--- EXERCISE BRIEF ---
The line with "Display Bedroom In" marks the first line to copy, and the line with "マーカー:ライティング、ロング、ペ...の未再生の波形" marks the last. Transcribe that stretch of the data below exactly, without pictures.

--- DATASET CONTENT ---

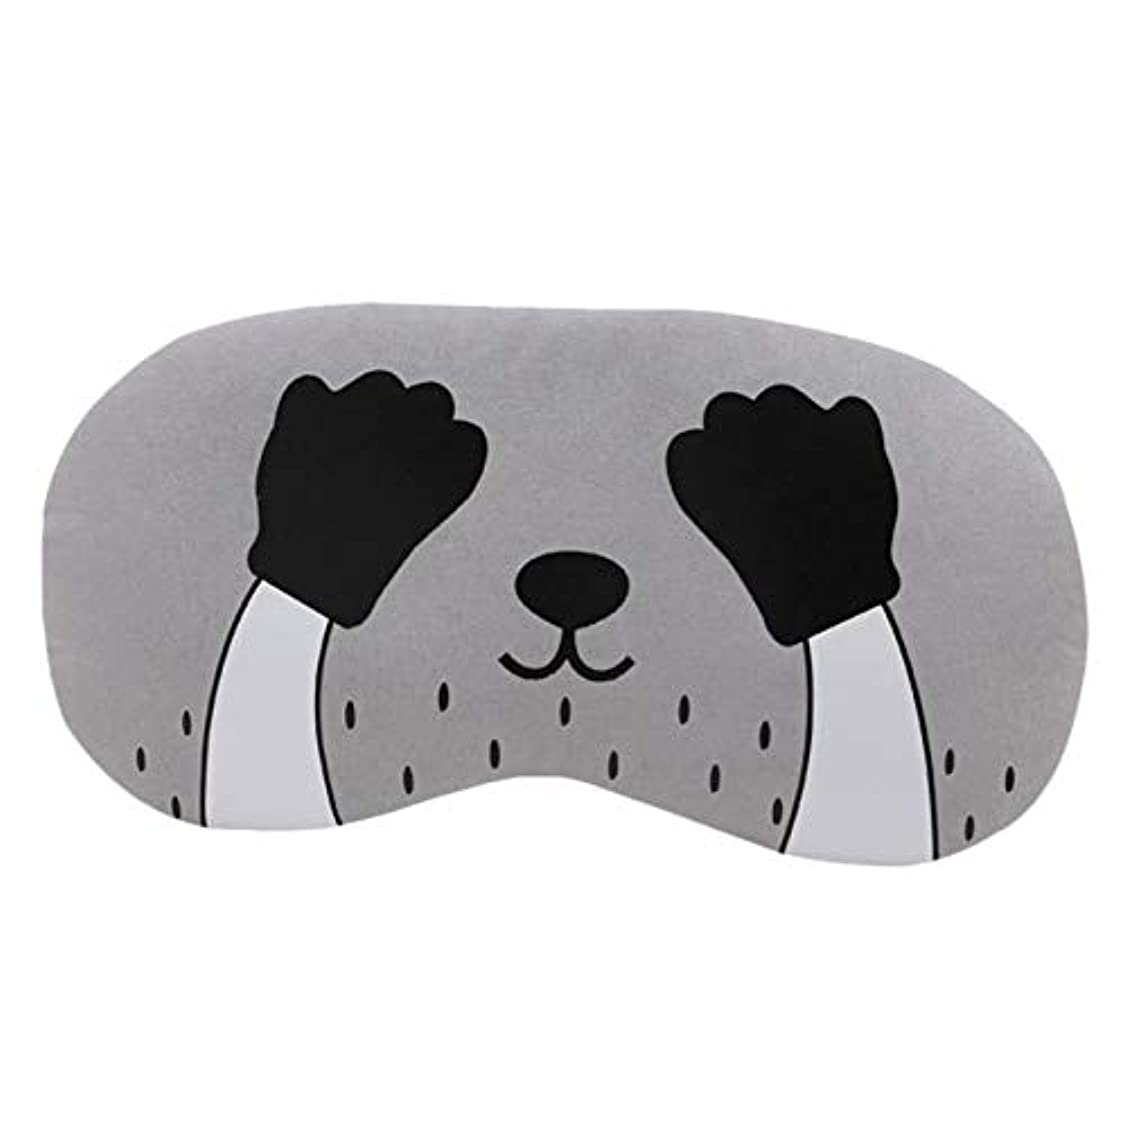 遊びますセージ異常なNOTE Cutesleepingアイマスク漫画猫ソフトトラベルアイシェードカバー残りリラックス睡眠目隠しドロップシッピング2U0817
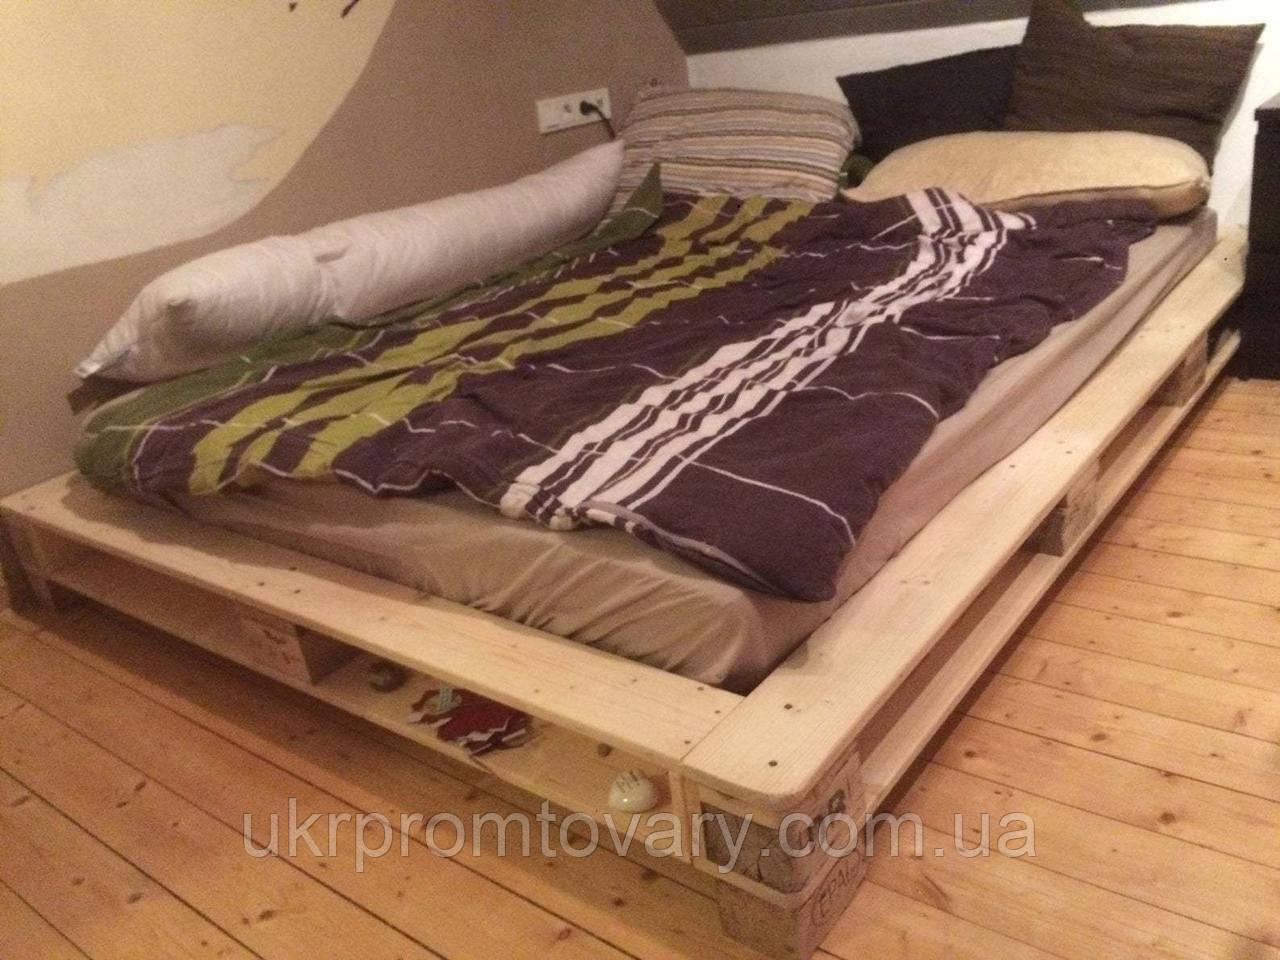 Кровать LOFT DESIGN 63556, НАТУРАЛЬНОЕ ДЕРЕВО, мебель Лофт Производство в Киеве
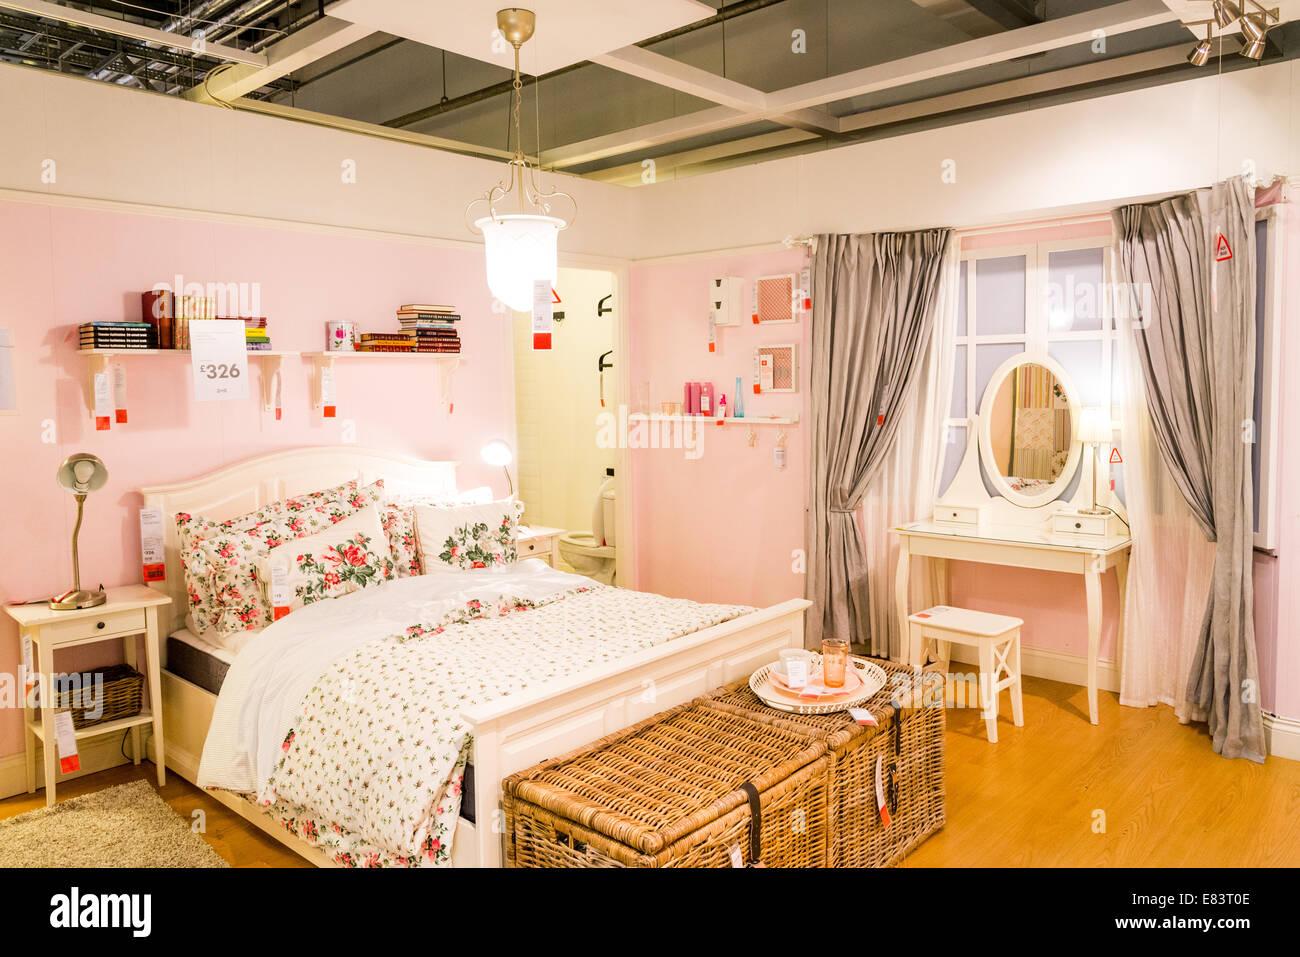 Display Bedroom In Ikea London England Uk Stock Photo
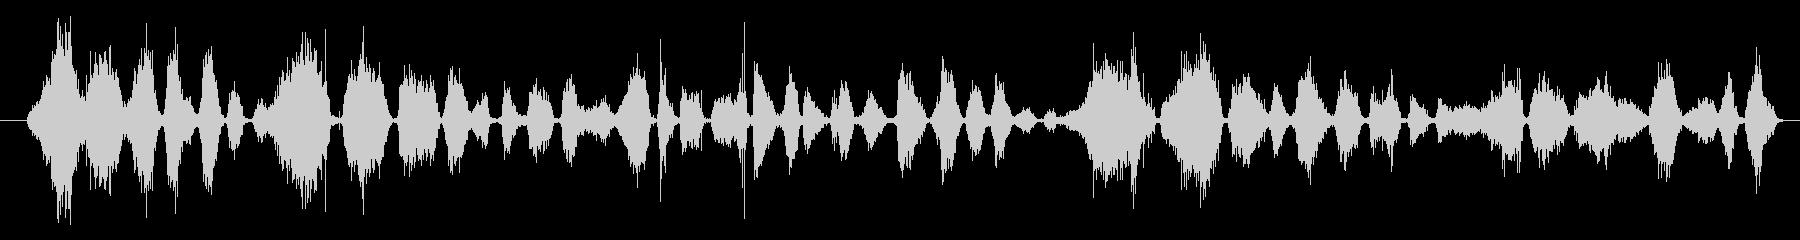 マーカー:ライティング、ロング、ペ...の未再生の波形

--

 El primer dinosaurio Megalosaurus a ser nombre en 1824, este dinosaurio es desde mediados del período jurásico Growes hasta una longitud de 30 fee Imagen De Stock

---

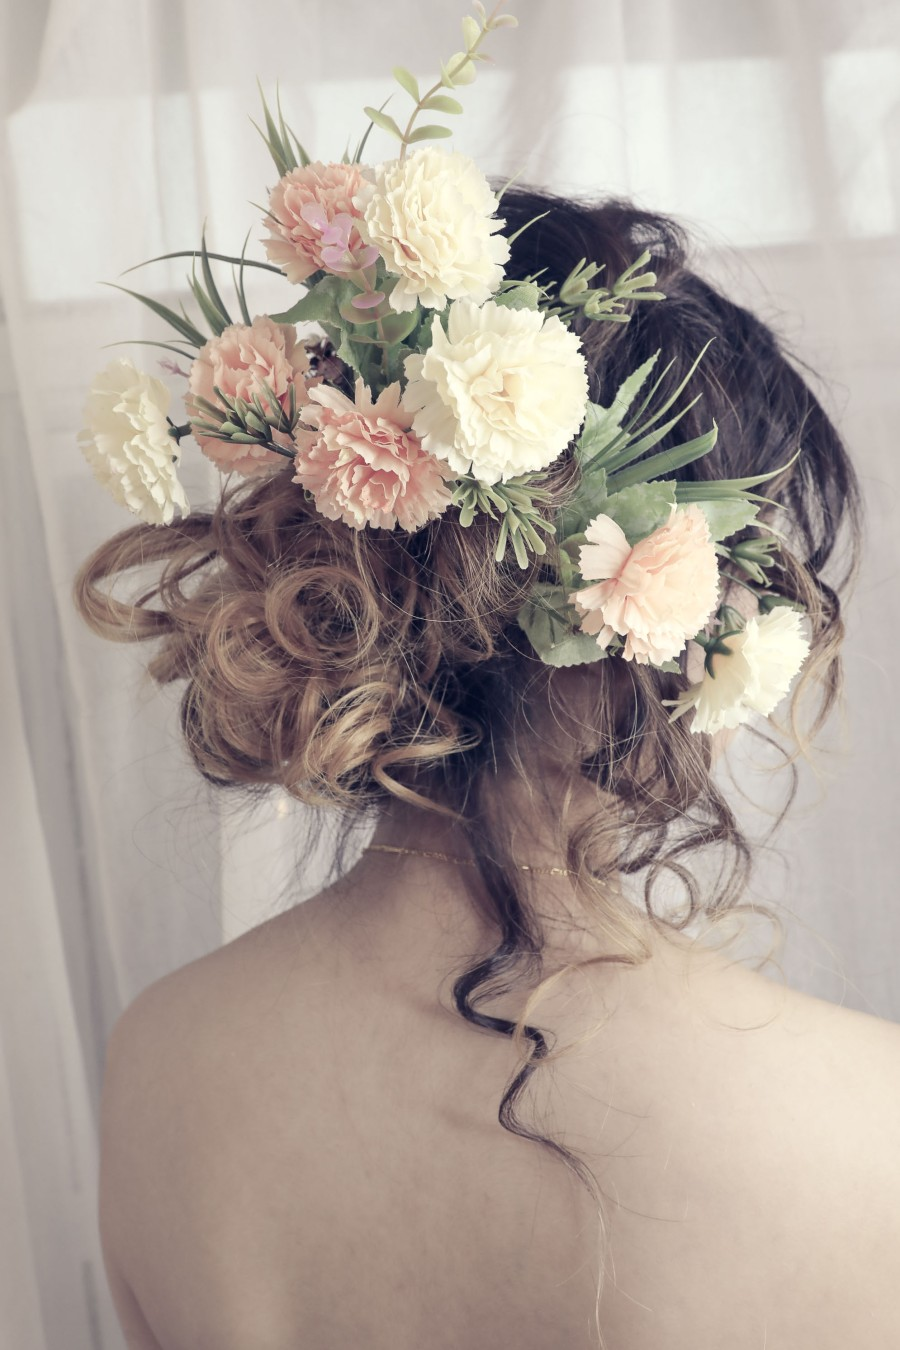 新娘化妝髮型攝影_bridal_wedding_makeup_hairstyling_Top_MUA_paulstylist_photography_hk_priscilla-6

--- ANSWER SPACE ---
 Display Bedroom In Ikea London England Uk Stock Photo
 マーカー:ライティング、ロング、ペ...の未再生の波形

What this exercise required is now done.